My Mrs works for an insurance company and they are not allowed to use the word brainstorm in case it offends somebody with disabilities....they call it a mind shower. Absolutely pathetic......I'm afraid it will get worse.


----------



## Smeds (Oct 28, 2009)

Is it ok to refer to a white person as a monkey?

Is the term 'pay peanuts, get monkeys' banned now?

To me, calling someone a monkey means they're a bit of an idiot, foolish, maybe a bit useless.


----------



## NickG (Aug 15, 2013)

zzrob said:


> The world has gone crazy...you're not allowed to say jack shit these days (no offence Jack)!


 :lol: :lol: Poor Jack!! hahhahaha!!


----------



## Pale Rider (Nov 15, 2011)

Smeds said:


> Is it ok to refer to a white person as a monkey?


You can call a white person absolutely anything you like - especially if they're male. "White honky trash" is absolutely fine. Saying that the BBC is "hideously white" (as Greg **** said when he was DG) also absolutely fine.

The problem comes when you refer to any of the so-called "ethnic minorities" in a dodgy way. Then you're in trouble - and might even get a visit from the Old Bill if they need to bump up their conviction rate this month.

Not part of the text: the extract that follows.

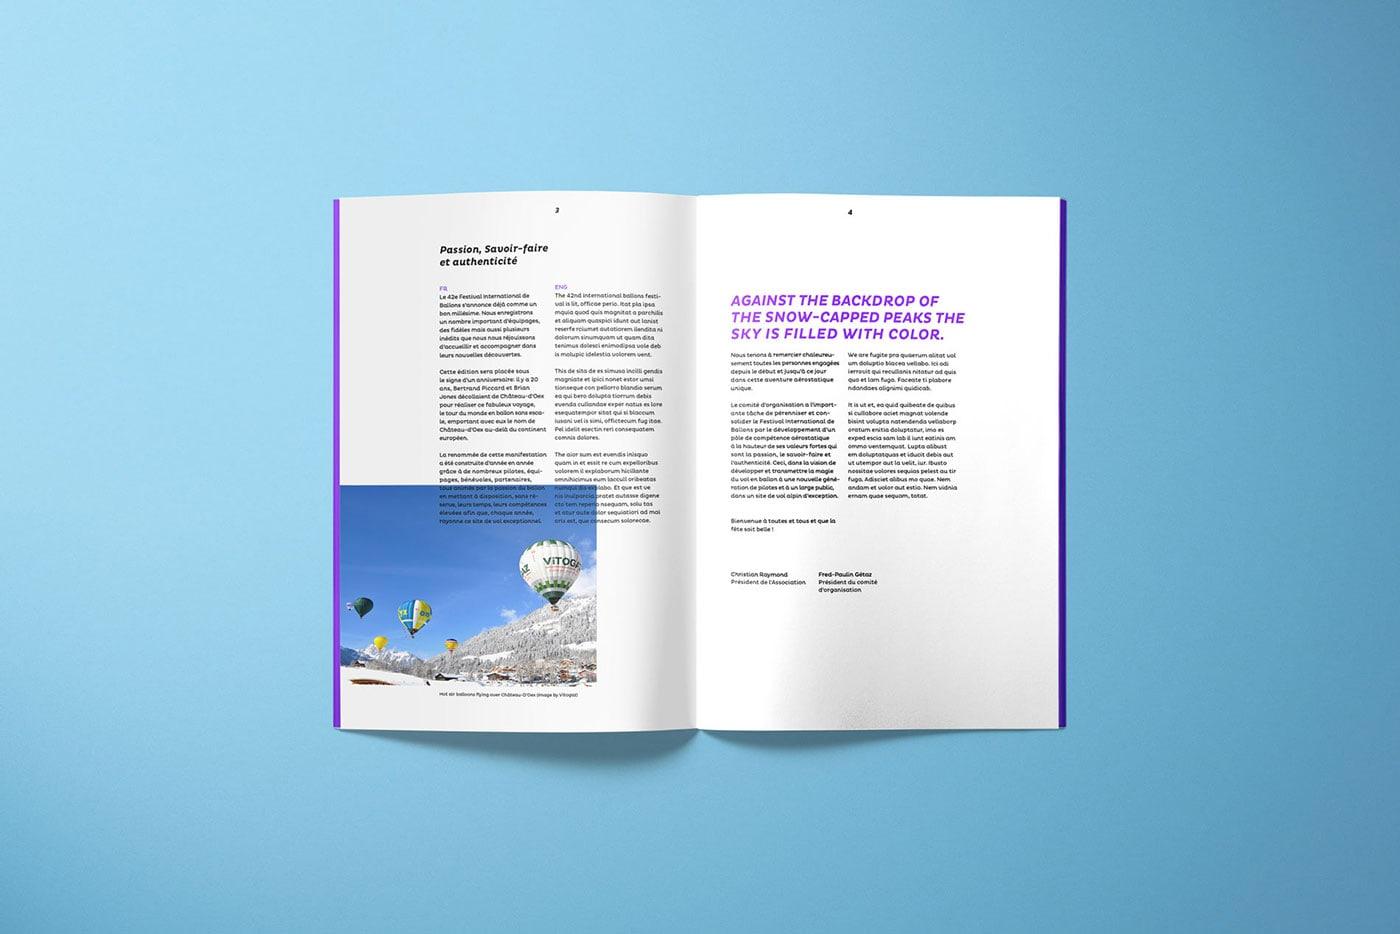 瑞士热气球节品牌概念设计

But maybe things are changing. Roy Hodgson seems to have got away with calling Andros Townsend a "monkey". Maybe the fans can go back to chucking bananas now. :wink:


----------



## ZephyR2 (Feb 20, 2013)

I think you had to be in the dressing room at the time to really understand the context of the remark. None of us were, nor were the press. And perhaps even more importantly none of us were present during the preceding few days of training when references to such matters like the NSA space monkey may have been raised several times in relation to other circumstances. It could have already been an in joke.
Who knows? You don't.


----------



## jack19881011 (Nov 5, 2013)

I feel okay。 :-| :-|


----------